> [EXERCISE DIRECTIONS]: Below are lines of records; copy exactly those from the one containing "Pantalone grigio a" through the one containing "Figure 3: General", leaving the pictures behind.

> [GIVEN INFORMATION]:
--------

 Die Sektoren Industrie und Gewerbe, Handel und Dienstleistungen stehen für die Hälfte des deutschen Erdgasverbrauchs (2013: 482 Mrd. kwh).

--------

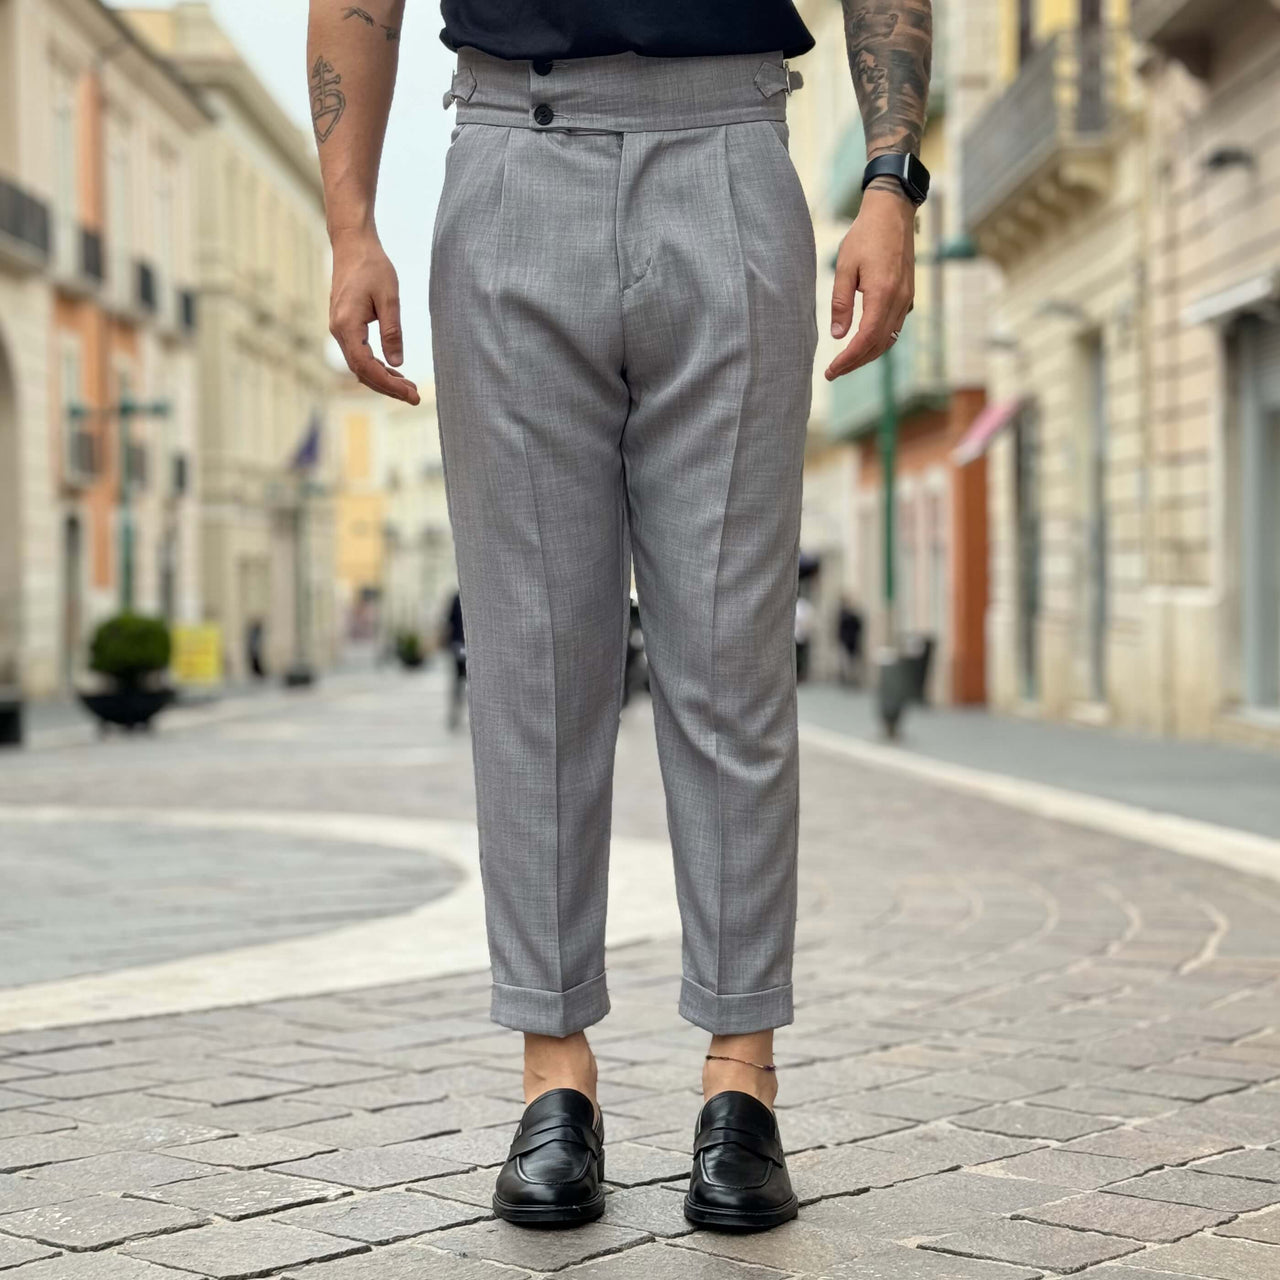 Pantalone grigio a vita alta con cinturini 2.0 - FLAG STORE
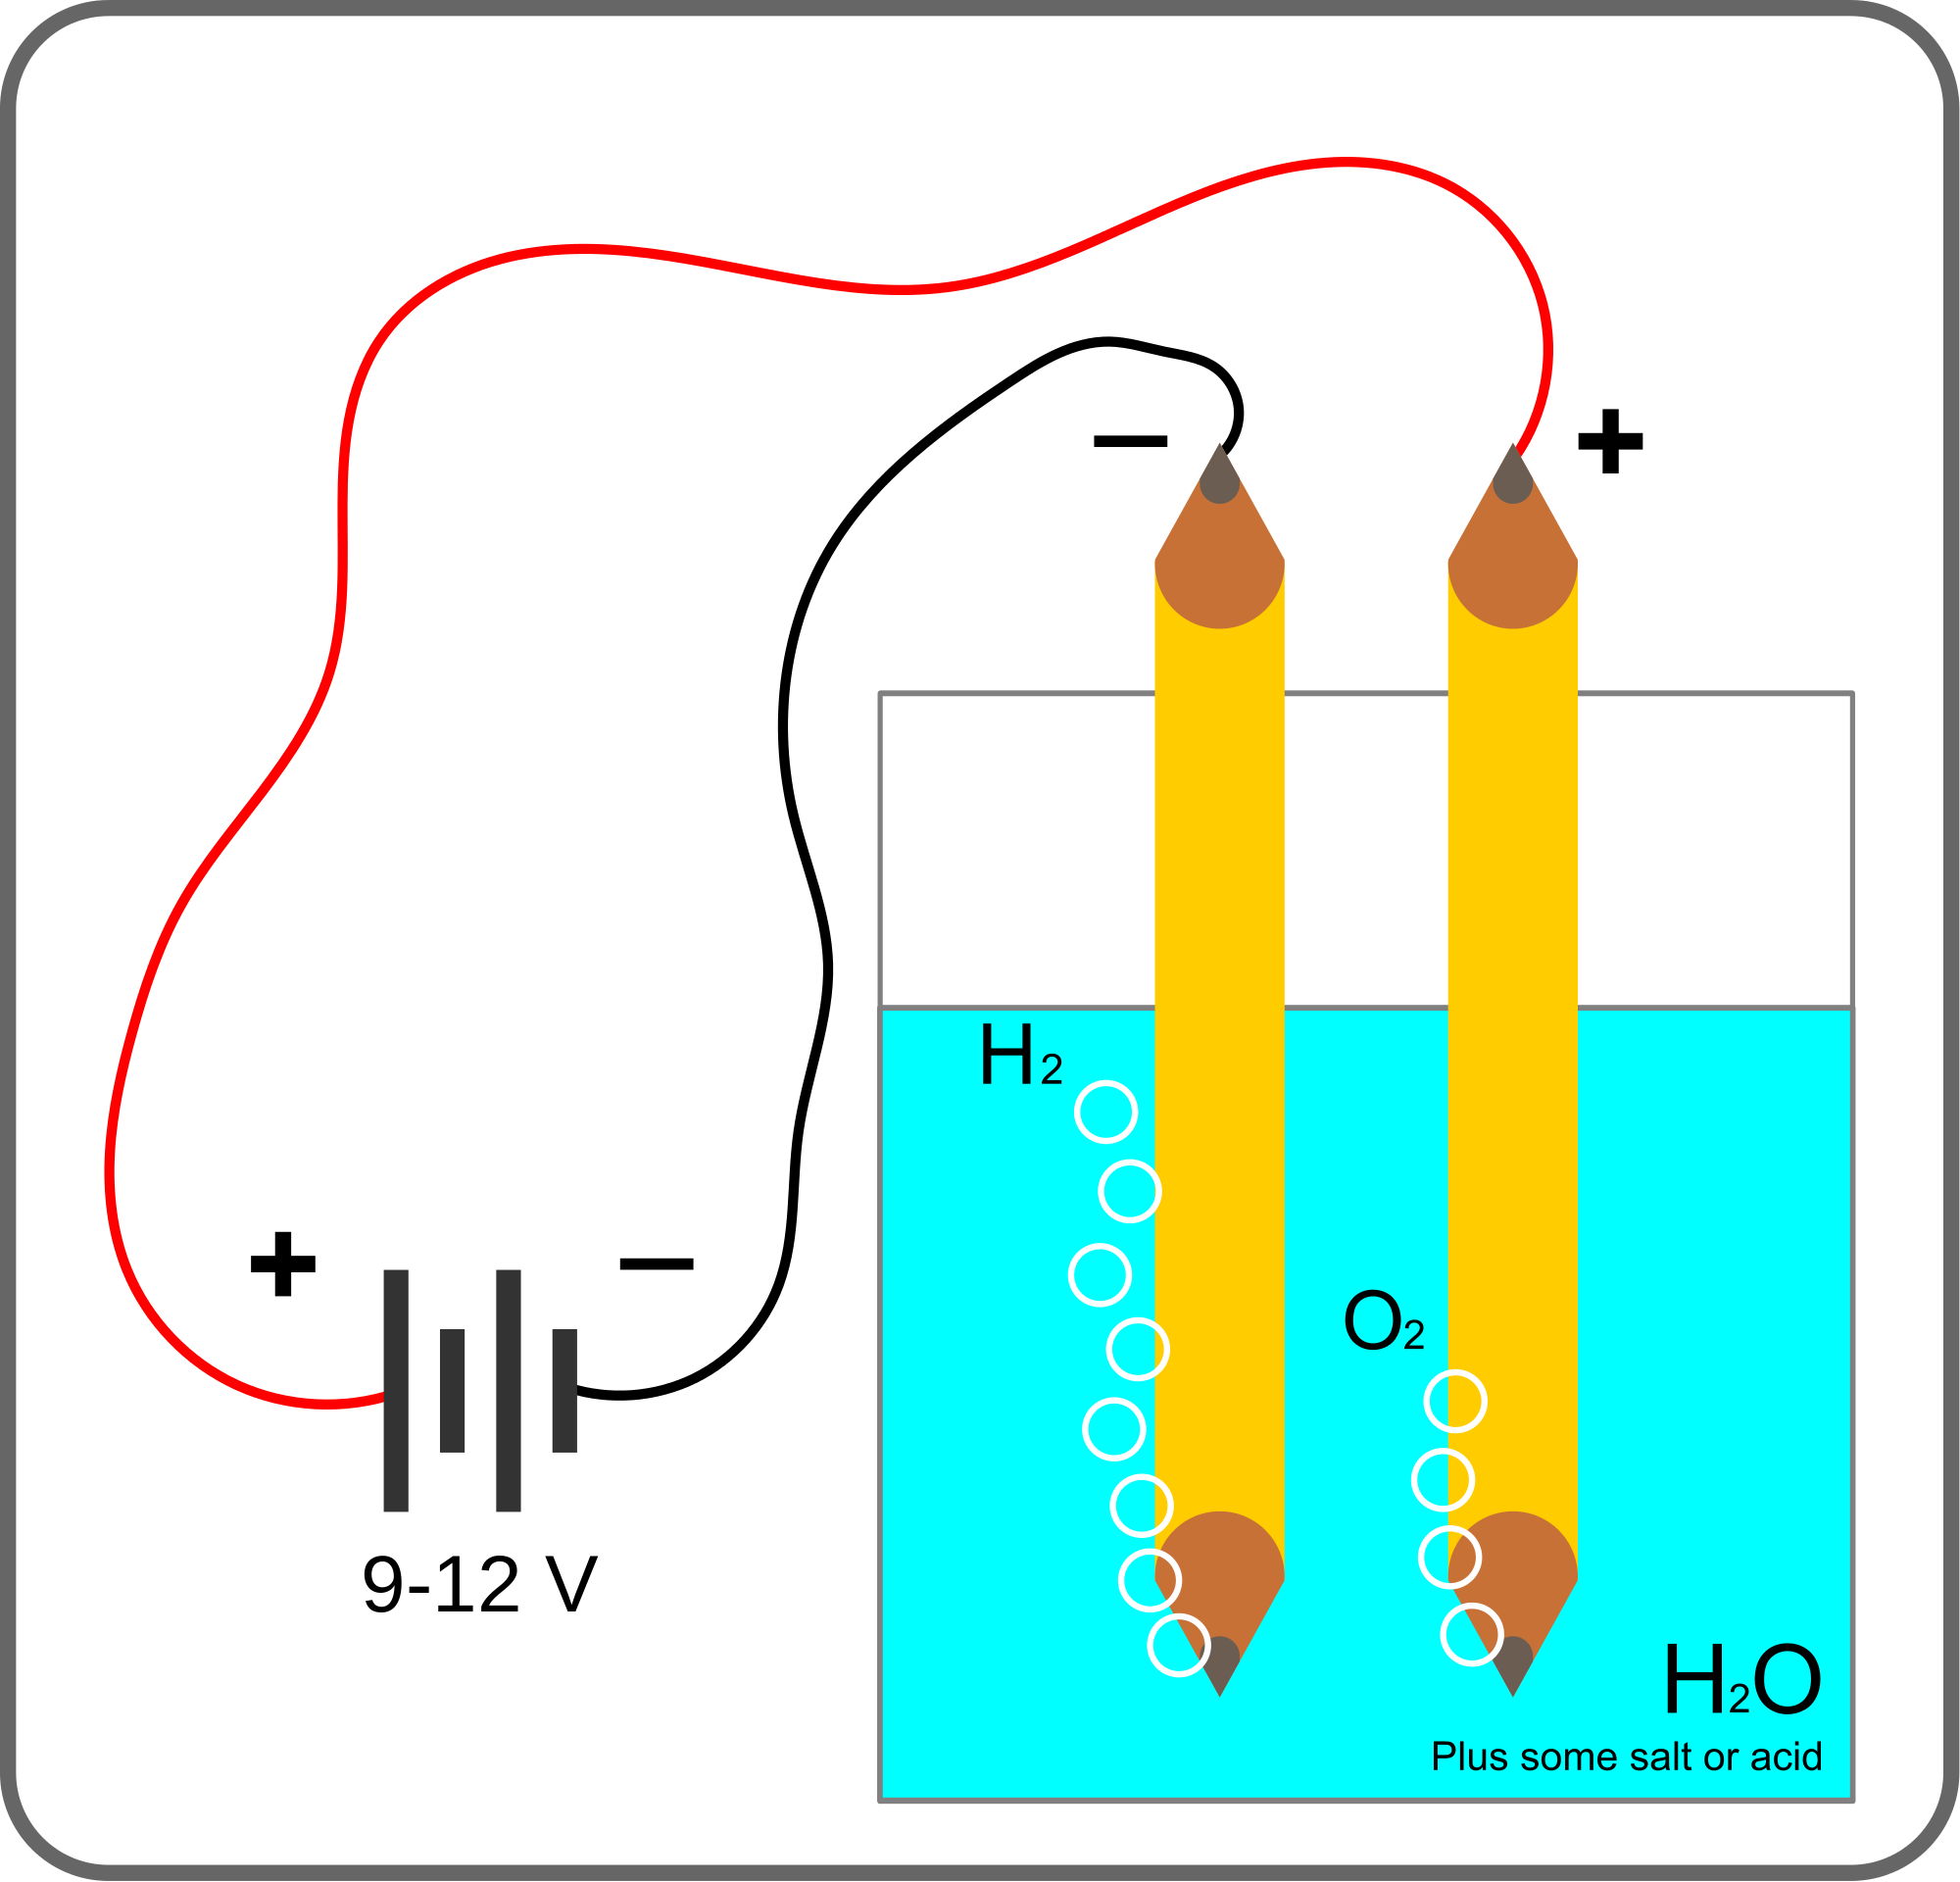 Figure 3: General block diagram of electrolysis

--------

> [EXERCISE ANSWER]:
 Pantalone grigio a vita alta con cinturini 2.0 - FLAG STORE
 Figure 3: General block diagram of electrolysis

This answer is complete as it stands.